Results from test program using our custom mutex class

Introduction

I recently was working on a project where several resources needed to be shared among many processes. Easy! I just made use of a Win32 Mutex. This seemed fine at first, but after running test scenarios where the various processes could be locking and releasing the mutex hundreds of thousands of times simultaneously, performance became an issue. I attributed the poor performance to the Win32 mutex (for reasons I get into soon) and thus decided to write my own mutex class. This article describes the mutex class I made (actually, it's a DLL, which is a requirement, but I'll get into that later), how it works, and how it stacks up against the Win32 mutex.

The Problem with Win32 Mutexes

Win32 Mutexes are notoriously slow. Every time a mutex is created the OS must switch from "user mode" to "kernel mode", which in itself can be responsible for hundreds of CPU instructions. If you're locking a shared resource every so often, it's really not a big deal. In that case (especially if there is a network connection involved), the rest of your code is probably using much more time. However if you are constantly hitting the resource as your main information source (such as my proprietary database file example above), all this extra work Win32 mutexes have to do can be a real time hog.

The Solution

I solved the problem by writing my own mutex. It uses a combination of inter-process shared memory, Win32 critical sections (which only switch to "kernel mode" where there is a contention), and the Windows InterlockedExchange function. The kind of inter-process shared memory I'm using is the kind where you create a data segment in a binary (executable or DLL), then flag it as shared memory. The only memory I share in this data segment are two small variables (a LONG and DWORD). I rejected using memory mapped files and other forms of inter-process communication because I didn't want the performance hit I would incur by using those methods. Choosing the shared memory data segment option comes with a price: a DLL must be created to host our mutex (or you can incorporate it into an existing DLL if you don't mind such a thing). Once you've created a DLL project, statements such as those listed below need to be added to one of the files (preferably a .cpp) in the project:

#pragma data_seg(".USRMUTEX_SHARED")
volatile DWORD g_dwDSMutexOwner = 0;
volatile LONG  g_lLocker = 0;
#pragma data_seg()

#pragma comment(linker, "/section:.USRMUTEX_SHARED,rws")

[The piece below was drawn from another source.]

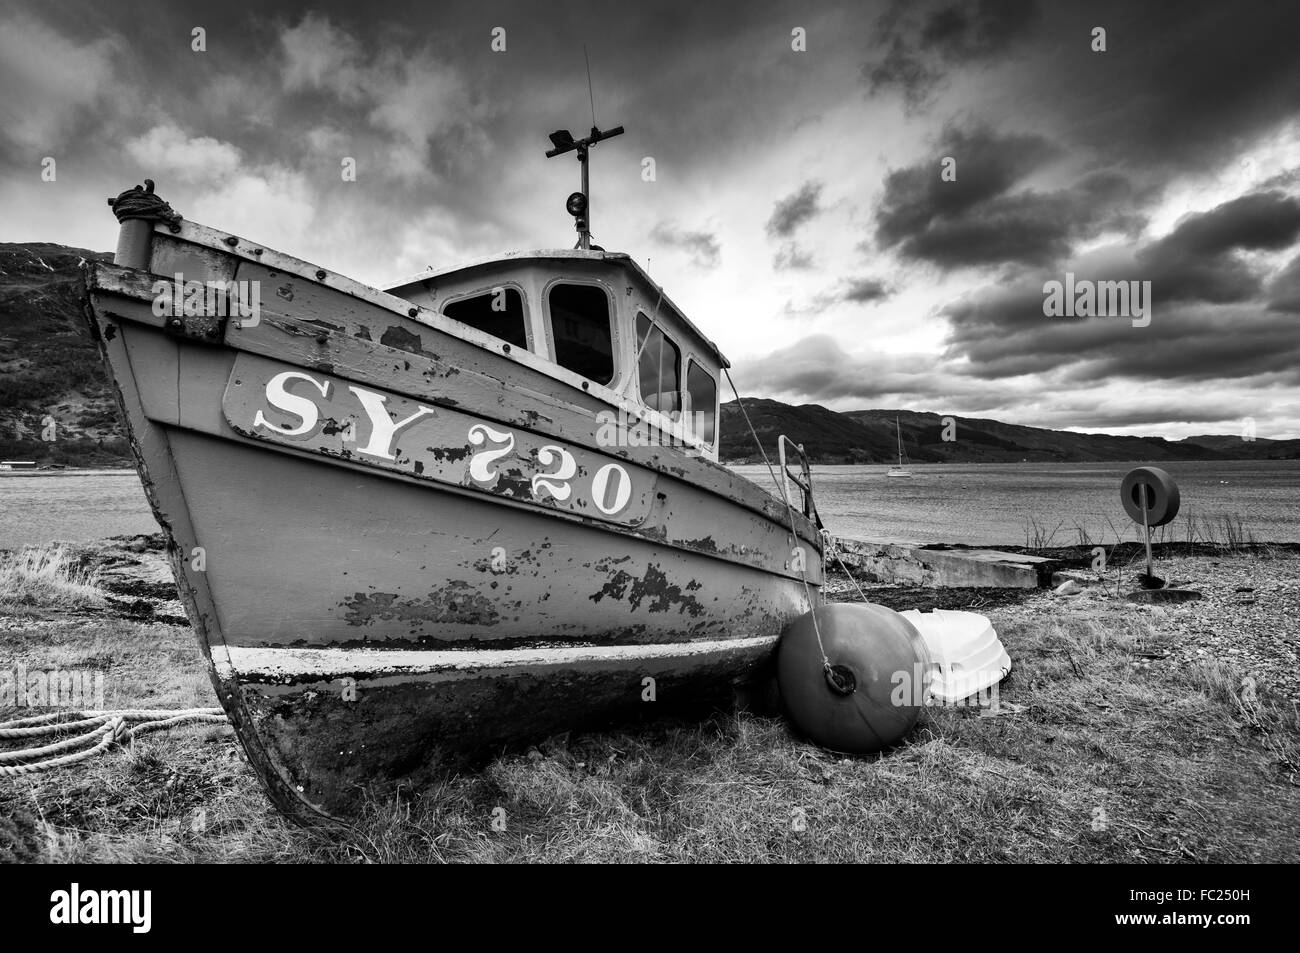 A boat on the beach at Invershiel, on the banks of Loch Duich in the Scottish Highlands, UK Stock Photo

The mutex object will be implemented as a C++ class I'll refer to as "the mutex class". The class and it's methods will be exports of the DLL. The mutex class essentially has only a constructor and destructor for its methods along with three member variables, all three of which are static. The first static member variable is an unsigned long whose purpose is to keep track of the number of recurring times that the same thread of the same process gained exclusive access to the mutex (another way of saying "exclusive access" would be "a lock"; what I meant by "recurring" is "locked a second or third time or so on before releasing all of it's locks"). The second static member variable holds the ID of the process that created the instance of our mutex class we're manipulating. The third static member variable is a Win32 critical section. We initialize our first two static member variables to zero and our third using InitializeCriticalSection.

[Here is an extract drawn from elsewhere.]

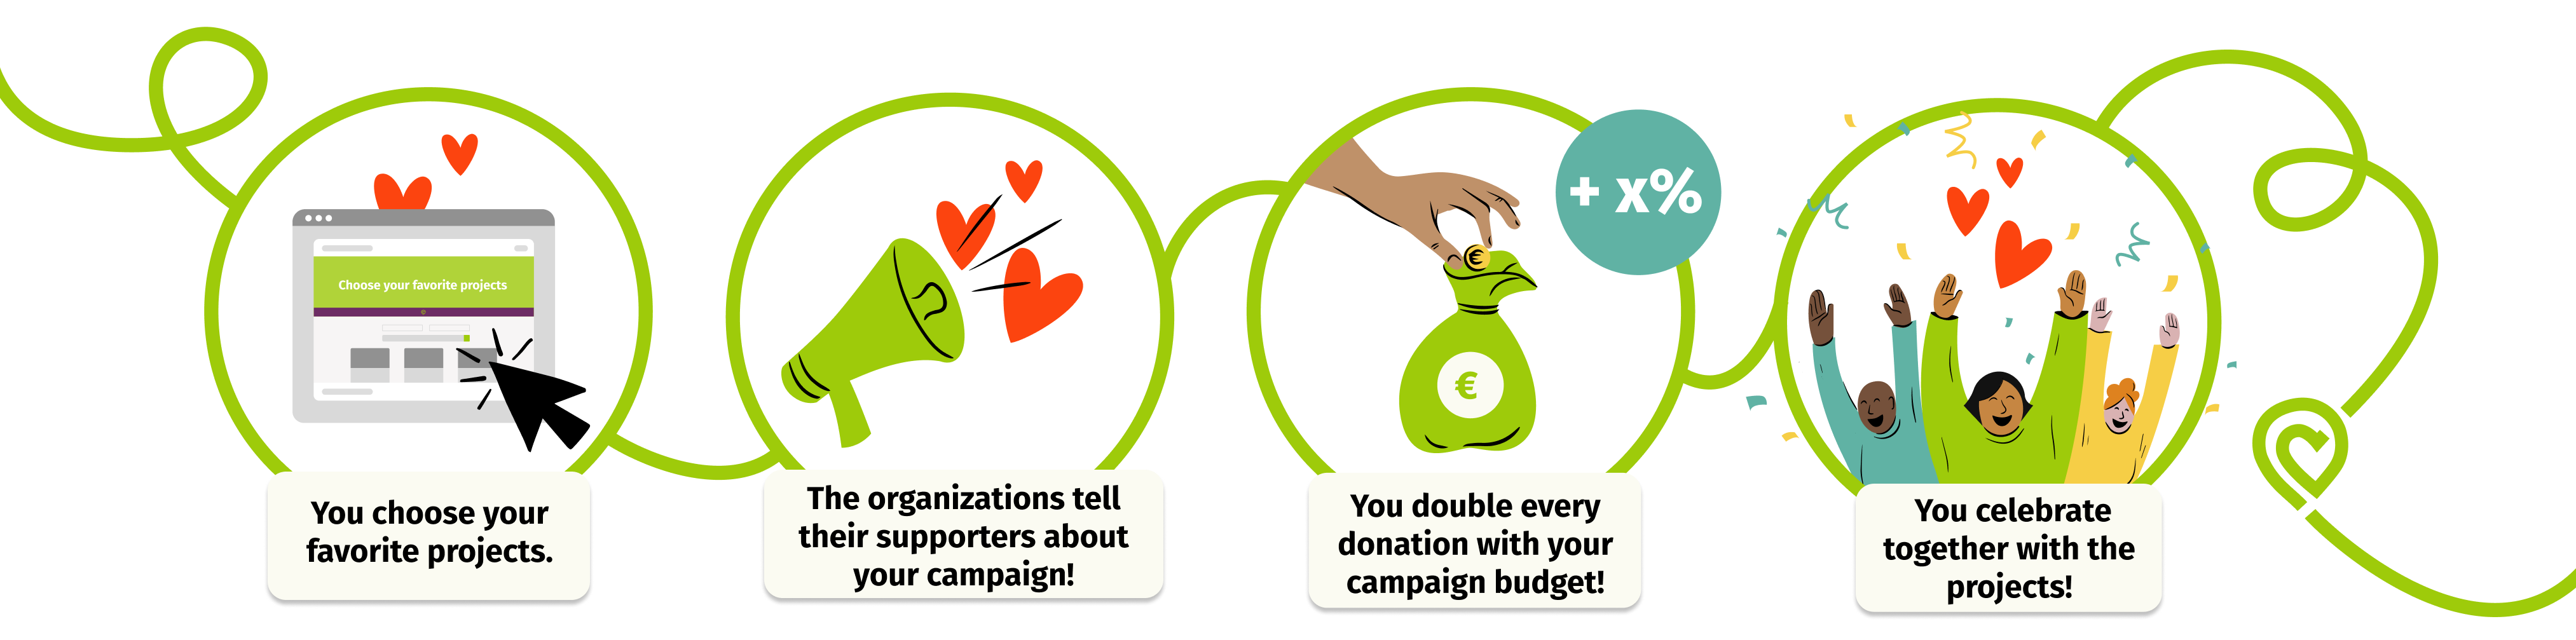 Here is an illustration-style infographic consisting of four circles arranged horizontally, representing the steps of how to start and communicate a doubling campaign. The first circle shows a website in which a mouse pointer clicks on a donation project. Below this is a text panel with the content 'You choose your favorite projects'. The second circle shows a megaphone from which hearts are flying. Below the graphic is a text panel with the content 'The organizations tell their supporters about your campaign'. In circle number 3, a money bag is shown into which a hand is inserting a coin from above. The text field below the graphic reads 'You double every donation with your campaign budget'. Three cheering people are shown in the last circle. Below the graphic is a text panel with the content 'You celebrate together with the projects'.

Now that we've taken care of our static member variables, lets get our class prototype mocked up. Remember that we've only got a default constructor and destructor. Before you get started with the implementation, it might be a good idea if you make the default copy constructor and default copy operator of the class unreachable (put the method prototypes for those methods in a "private" section of the class but don't actually implement them). Now that we've got the class prototype, lets implement the methods. The first bit of work we want to do in the constructor is ask if we've ever set the process ID of the current process into the second static member variable we mentioned above. If that second static member variable is still set to 0, then we haven't, so get the current process ID using GetCurrentProcessId and set it into this variable. Now lock our critical section static member variable using EnterCriticalSection. By doing this we're doing two things:

  • We're ensuring that the current thread in the current process will be the only thread available to gain exclusive access to the mutex.
  • By entering the critical section we've already got half of the way to gaining exclusive access to the mutex.
This is considered "half-way" because in order to gain access to some synchronization object on an inter-process level, you must know two things:
  • which process owns it and
  • which thread in that process owns it.
By entering the critical section, we have already been able to answer the second part of that question. Now we've got to answer that first part. The first thing we have to do to figure that out is ensure that we have exclusive access to the shared memory variables. One of the shared memory variables exists for this very purpose (g_lLocker). Using that variable, we create a loop that is only broken when an the result of an InterlockedExchange call given that variable (&g_lLocker) and 1 is 0. Here is an example of how the code might look:
   while (::InterlockedExchange(&g_lLocker, 1) != 0)
   {
      Sleep(0);
   }

This says: "If I set that variable to 1 but the value of that variable was 0 before I set it, then the shared memory is safe for me to use. By setting it to 1, I'm letting others know they need to "spin" (loop until the condition is true) until I'm done with it".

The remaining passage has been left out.